Espero que gostem :3

Capítulo 3 - Doença


 

Depois daquilo me despedi dos garotos e fui para casa. Já era um pouco tarde. As ruas eram calmas, com pouco movimento sem tanta poluição sonora. Quanto mais eu andava, mais sentia o cheiro de jasmim alcançar minhas narinas. Era bom, mas doloroso. Muito doloroso. Taehyung havia me dado um perfume com a mesma fragrância.

- Que droga… - Murmurei enquanto segurava o choro.

Nesse momento eu desejava muito estar em qualquer lugar que me faça esquecer de tudo e todos, principalmente dele.

Abri a porta de casa, engolindo tudo. Meu choro, meus sentimentos, minha dor. E botei meu melhor sorriso no rosto. Nunca fui a melhor em fingir, mas se meus pais soubessem seria pior. Fechei a porta atrás de mim e ouvi uma voz feminina reconhecível dizer:

- Jennie? É você? Quanto tempo! Vem cá dar um abraço na sua vó.

Fui até a mesma e a abracei apertado. Fazia tanto tempo. Minha vó sempre foi mais compreensível e mais próxima a mim.

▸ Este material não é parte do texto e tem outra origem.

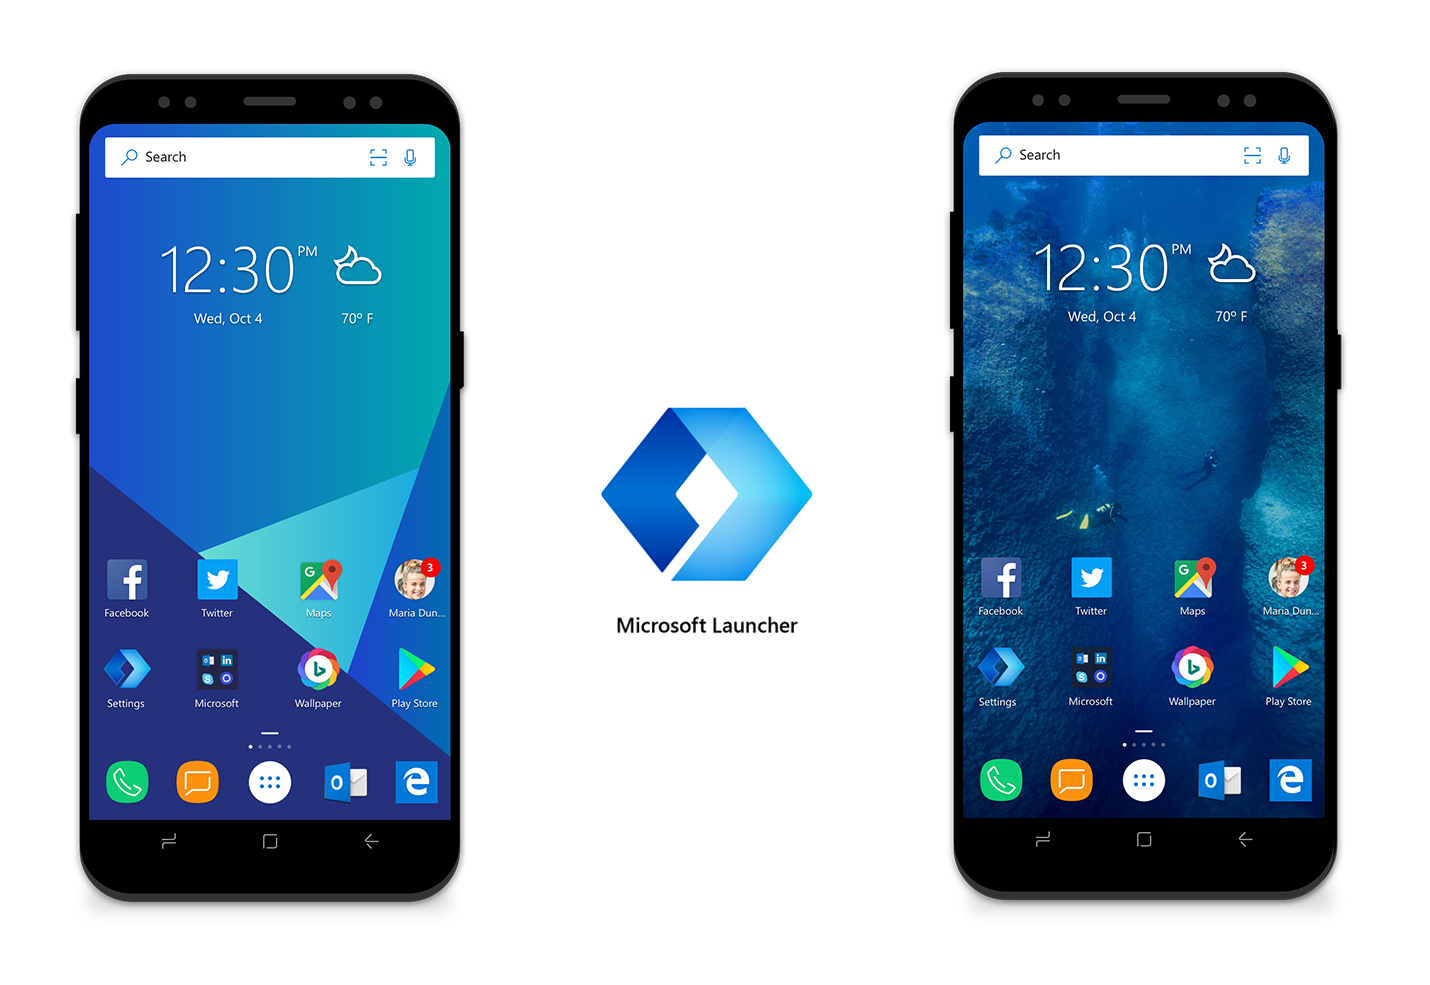 New Microsoft Launcher 5.0.2.47383 version for Android - November 20 f8d914f0746fe7594075d0b98171885f.png

Antes ela morava perto de nós, mas quando se aposentou com meu avô veio morar aqui. Ela dizia que a cidade grande nunca foi para ela.

- Você está tão bonita… Como sua omma.

- Obrigada vó. - sorri. - Quer alguma coisa? Posso fazer para você!

- Não, deixa disso. Não é porque estou doente que sou impossibilitada.

- Vó… Desculpa pela pergunta, mas… O que você tem?

- Sua omma não te contou?

- Não…

- Eu e seu avô temos Câncer, querida.

Senti meu coração ser despedaçado na mesma hora. Me engasguei com a própria saliva e recuei para trás.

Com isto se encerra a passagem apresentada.